Information Security Management

Governance and accountability

The EDP Group considers information security a fundamental element of operational continuity and trust with stakeholders. Information security management is supported by a governance and accountability model that clearly defines roles and responsibilities across the organisation.
Operational responsibilities for managing and protecting information assets are embedded within business and support functions. Specialised functions provide oversight, guidance and coordination on information security, risk management and compliance matters.
Independent assurance is provided through internal audit activities, which periodically assess the adequacy and effectiveness of information security controls and governance arrangements.

Information security documentation framework
The EDP Group’s information security management is supported by a structured documentation framework that defines principles, requirements and controls across the organisation. This framework aligns strategic direction, tactical requirements and operational execution, supporting consistency with the Group’s information security and business continuity practices.
At the strategic level, corporate policies establish the Group’s objectives and commitments for information security, secure development, data protection and the protection of information throughout its lifecycle.
At the tactical level, standards translate these principles into enforceable requirements covering key domains such as governance, asset and access management, secure operations, incident management, business continuity, supplier security, monitoring, cryptography, vulnerability management and compliance.
At the operational level, formal processes support the day-to-day implementation of information security practices across Information Technology (IT) and Operational Technology (OT) environments, including risk management, incident response, identity and access management, security monitoring, continuity and disaster recovery, change and asset management, compliance monitoring and external evaluations.

Information security capabilities and operating model
Information security is supported by a structured set of capabilities that enable the prevention, detection and response to information security risks across the organisation.
These capabilities are embedded within business and support functions and aligned with the Group’s governance and accountability model. They are underpinned by the information security documentation framework, ensuring consistent implementation, monitoring and review.
As part of this operating model, the EDP Group performs the ongoing monitoring of cybersecurity threats and ensures the coordinated response and mitigation of information security incidents, in alignment with the Group’s information security management framework and governance arrangements, with board-level oversight through the Financial Matters Committee of the General and Supervisory Board.

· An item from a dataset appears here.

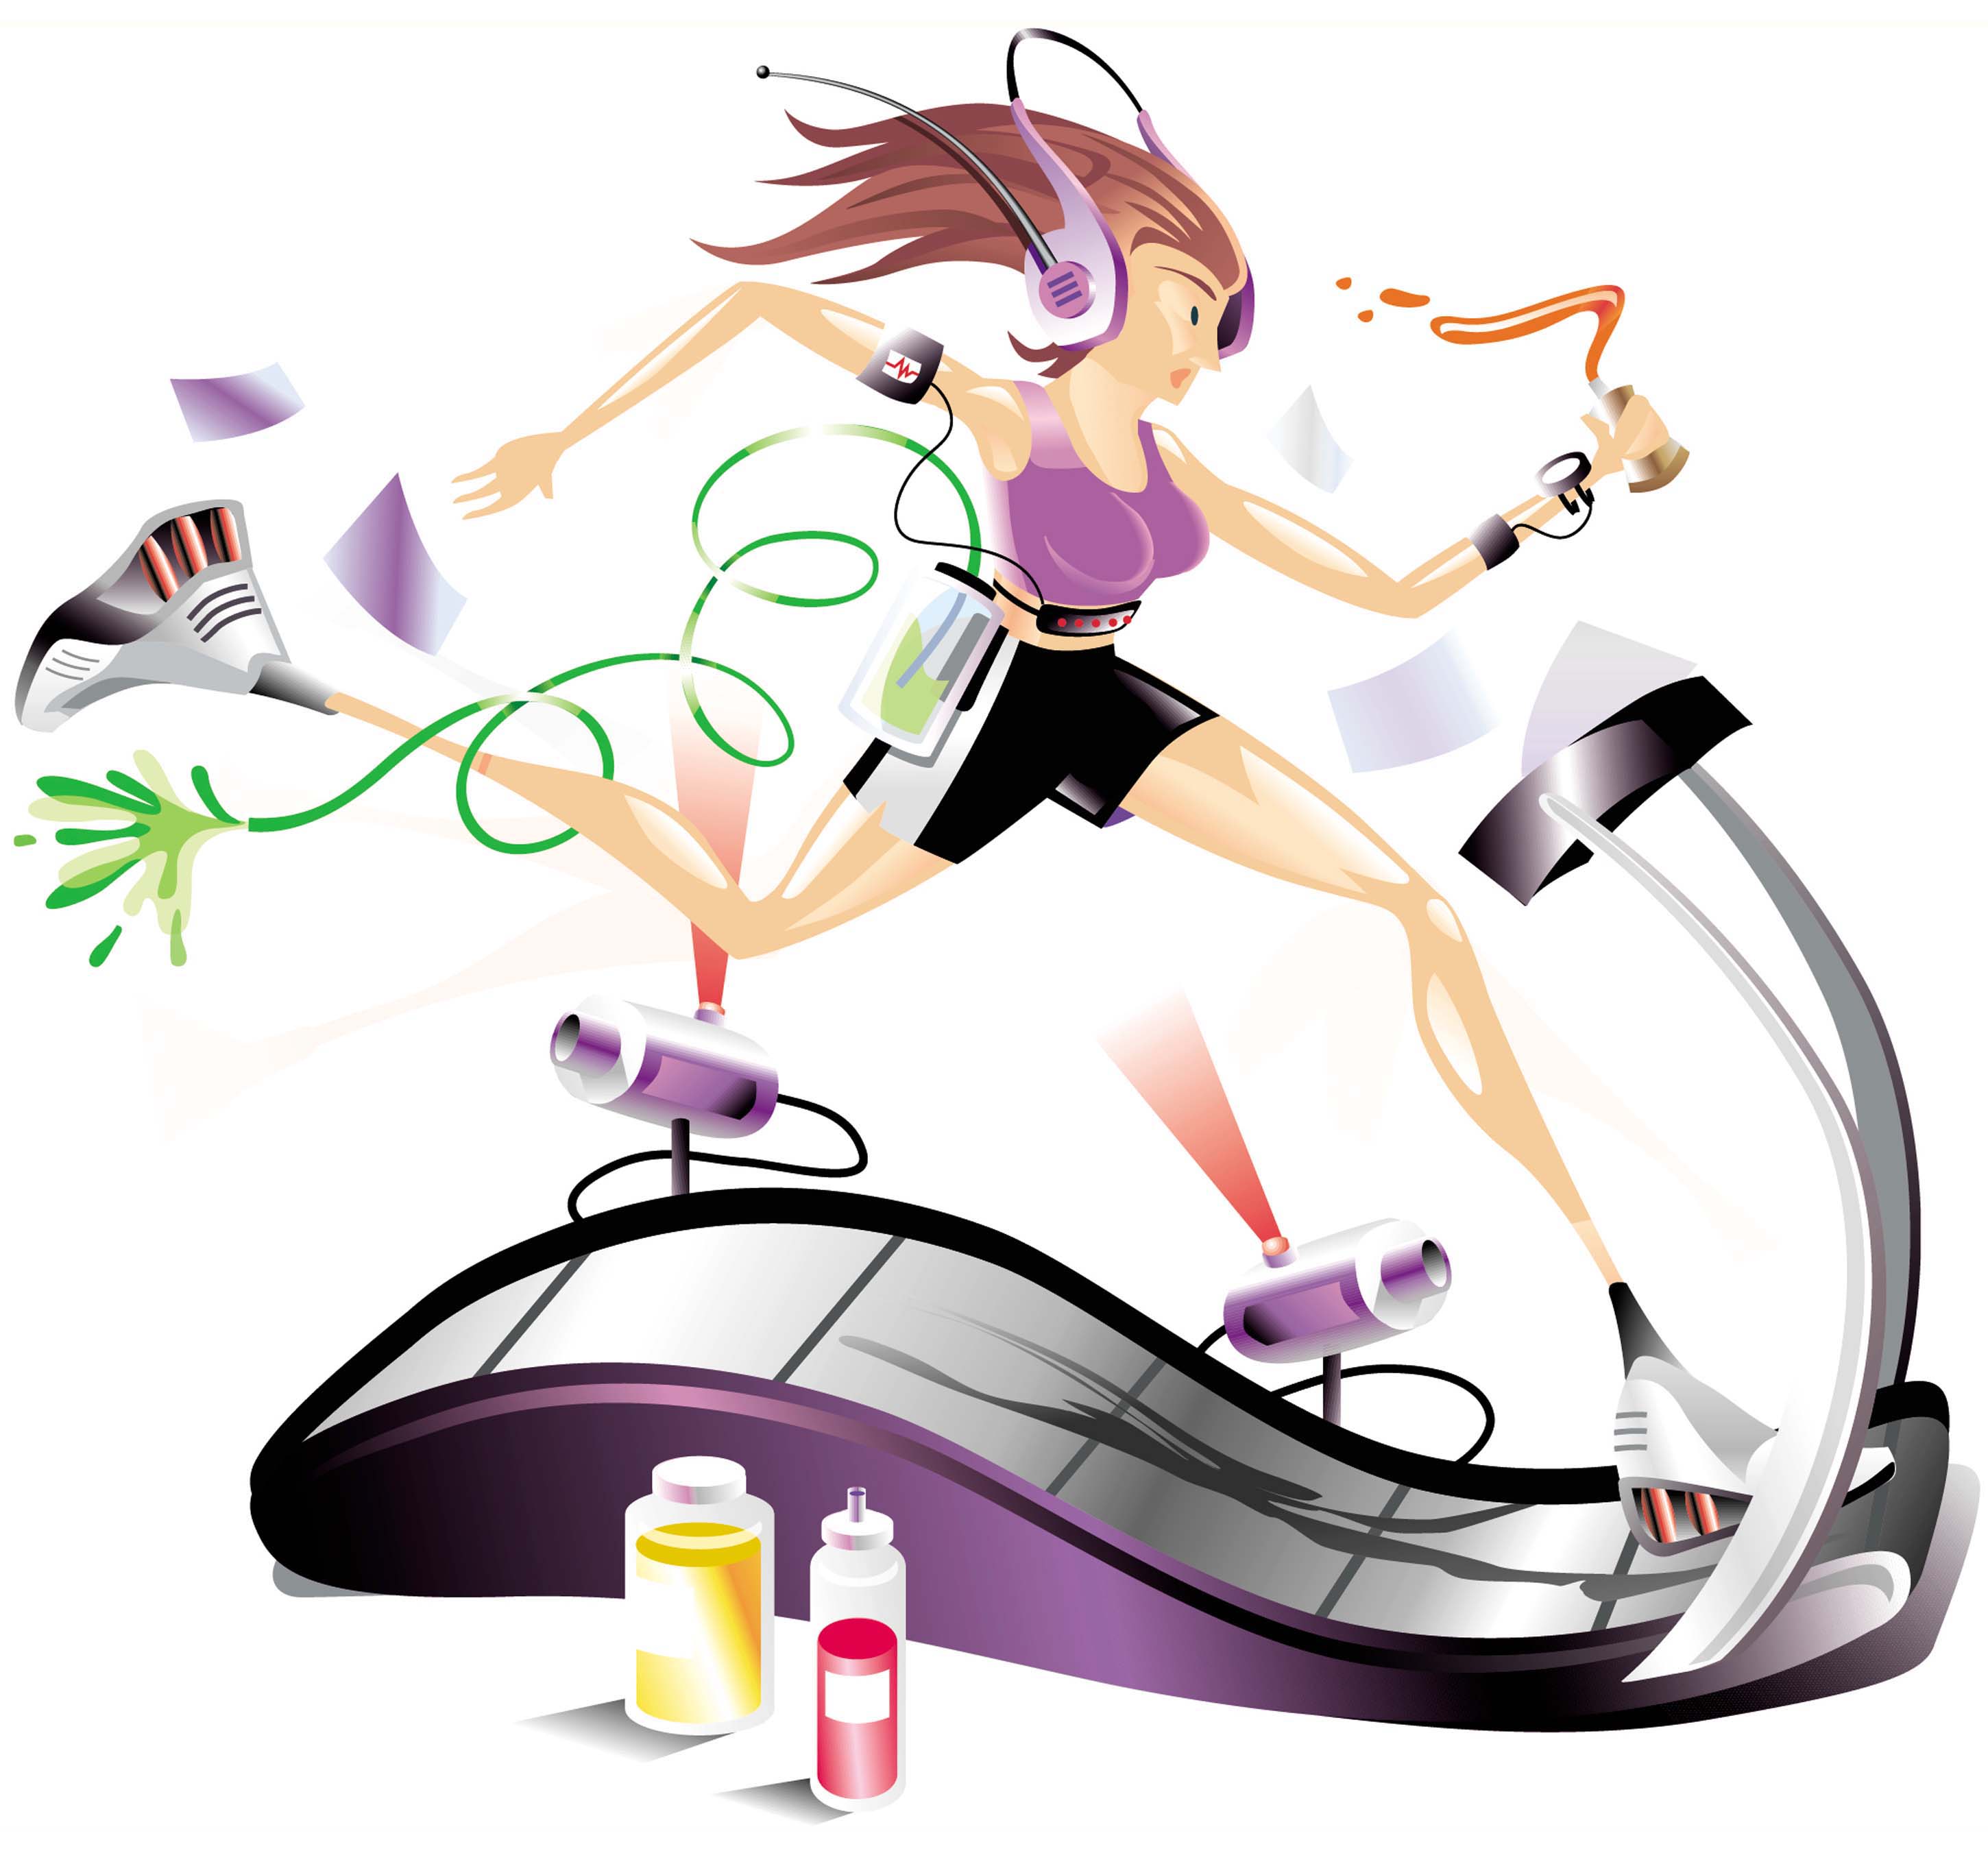 30 minute intense treadmill walk - Clip Art Library

Continuity of information systems
The EDP Group maintains measures to support the continuity of critical information systems in the event of cyber incidents or other disruptive scenarios.
These measures include information security‑related business continuity arrangements and the regular execution of disaster recovery exercises to validate recovery capabilities.

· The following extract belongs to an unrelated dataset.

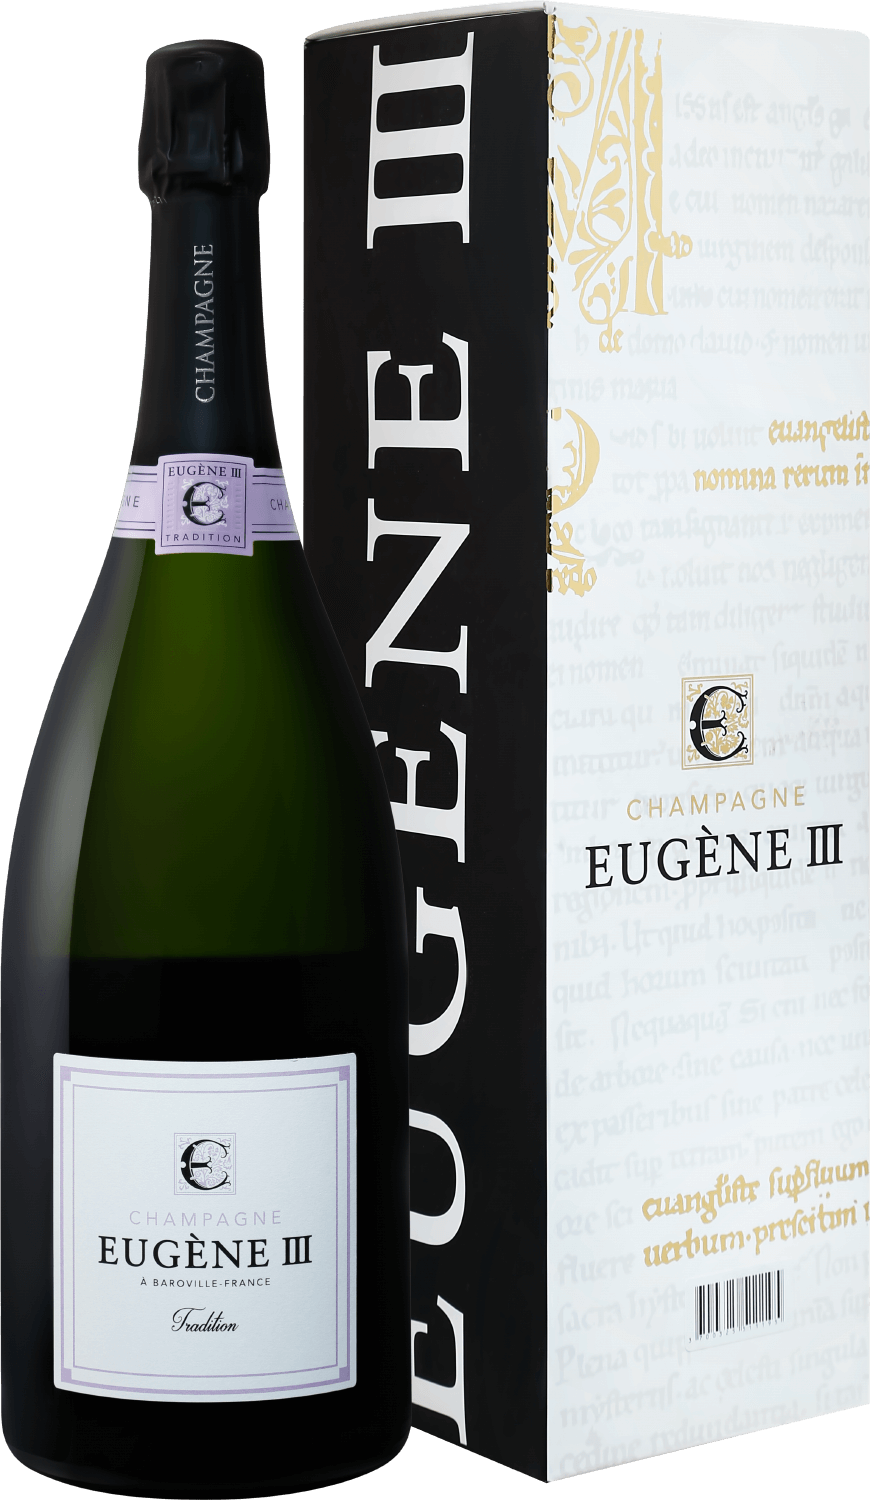 Eugene III Tradition Brut Champagne АOC Coopérative Vinicole de la Région de Baroville (gift box) barfontarc blanc de noirs brut champagne aoc coopérative vinicole de la région de baroville

Identification and management of information security risks
The EDP Group adopts a proactive approach to identifying, assessing and managing information security risks.
This includes ongoing vulnerability analysis and management activities designed to reduce exposure to threats and support the continuous improvement of cybersecurity controls. These activities cover both IT and OT environments, reflecting the Group’s integrated approach to information security risk management.

Assurance and internal control environment
Information security is subject to the Group’s internal control and assurance framework.
Internal audit and review activities assess the adequacy and effectiveness of information security controls, including adherence to internal policies, standards and normative requirements.

Independent certification and external assurance
The EDP Group complements internal assurance mechanisms with independent external certification.
EDP, S.A. is certified according to ISO/IEC 27001:2022 for the management and operation of the EDP Group’s Global Security Operations Center (EDP Global SOC), which operates on a 24‑hour, 7‑day basis.
The certification (certificate number PT19/06879) is issued by “SGS ICS – Serviços Internacionais de Certificação, Lda.”, an IPAC‑accredited certification body, and covers the management and operation of the Global SOC performed by the SOC Iberia and SOC South America teams across the regions where the EDP Group operates.
The certified scope includes real‑time security monitoring, information security incident management, security vulnerability management and threat intelligence management services, in accordance with ISO/IEC 27001:2022 requirements and the applicable Statement of Applicability.
The validity of the certification can be independently verified through the SGS Certified Client Directory.

Reporting culture and incident escalation
Information security is a shared responsibility across the organisation. Employees are expected to report potential information security incidents, identified vulnerabilities or suspicious activities through established internal reporting and escalation mechanisms. These expectations are aligned with the Group’s Code of Ethics, reinforcing individual accountability and a culture of integrity across the organisation.

Awareness, training and workforce engagement
The Group promotes information security awareness through training and engagement initiatives that strengthen employees’ understanding of cybersecurity risks and their individual responsibilities. These initiatives are supported by a formal cybersecurity knowledge and awareness management process, ensuring consistency, measurement and continuous improvement of the security culture across the organisation.

Transparency on information security incidents and personal data breaches
Public disclosures on information security incidents are made in line with applicable requirements and internal governance practices, using aggregate information where appropriate. 
In 2025, EDP Group entities reported zero (0) personal data breaches requiring notification to supervisory authorities, as no situations were identified that were likely to result in a risk to data subjects. This information is disclosed in the EDP Group’s Integrated Annual Report 2025.
This information security management framework is reviewed and maintained on an ongoing basis to ensure continued alignment with the Group’s governance, operational practices and assurance mechanisms.